The equation $y = x^2 + \frac{1}{2}ax + a$ represents a parabola for all real values of $a$

Question

The task is to show that any parabola with the value a passes through shared point.

I graphed the parabola and understand that the shared point is $(-2,4)$. My current issue is generalizing why this is and how to prove it.

Answer 1

Just a disclaimer this is not the most formal proof so take it with some skepticism

Considered rearranging the quadratic so that $a$ is the subject. You get $a=\frac{y-x^2}{x/2+1}$ since $a$ can take any real value then the only candidates for $x$ and $y$ must make the right hand side an indeterminate form, e.g. since $x$ and $y$ are both finite both neumerator and denominator must be zero.

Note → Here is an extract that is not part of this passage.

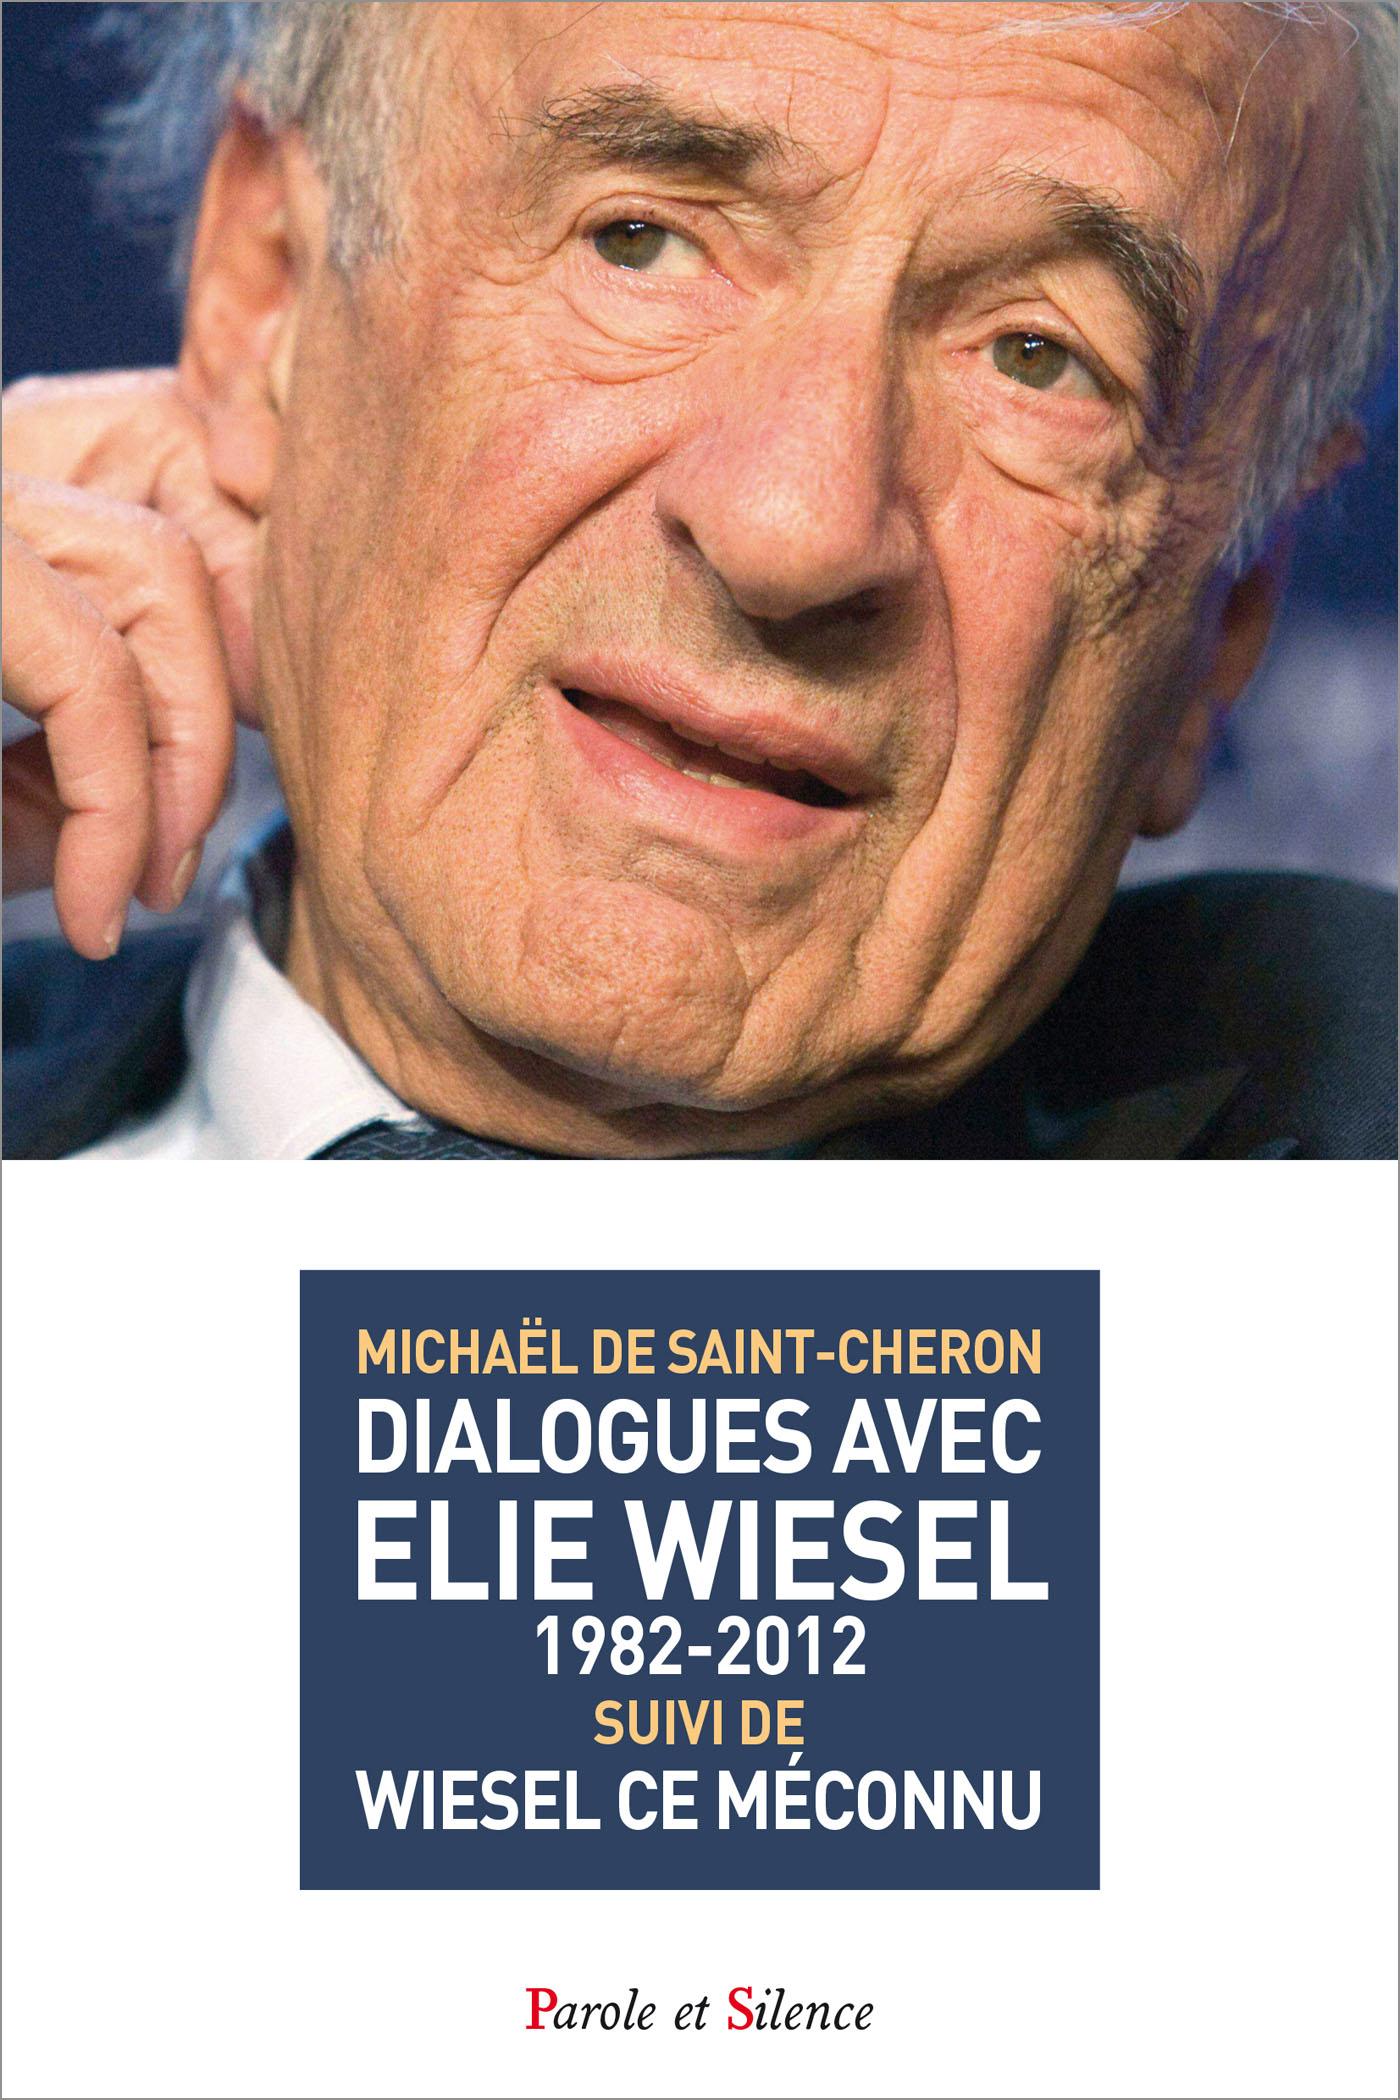 Dialogues avec Elie Wiesel 1982-2012

So we want $x/2+1=0$ which gives $x=-2$ and $y-x^2=0$ which gives $y=4$. All that's left is to substitute these values into the original equation to verify that this is indeed a shared point.

Answer 2

Hint: If $x=-2$, what is the value of $y$ if you know that the point $(x,y)$ lies on the parabola?

Answer 3

Let $a,b \in \mathbb R$ and $a \ne b$. Schow that the equation

$$ x^2 + \frac{1}{2}ax + a= x^2 + \frac{1}{2}bx + b$$

has the unique solution $x=-2.$

Answer 4

Just a note that $$x^2+\frac{1}{2}ax+(a-4)\\=x^2+2x-2x+\frac{1}{2}ax+a-4\\=x(x+2)-\left(2-\frac{1}{2}a\right)(x+2)\\=(x+2)\left(x-2+\frac{1}{2}a\right)$$

And hence, you get 2 points which equal 4 for the original function: $x=-2$ and $x=2-\frac{1}{2}a$.

In general, there is such common points when you have some expression $x^2+f(a) x+g(a)$.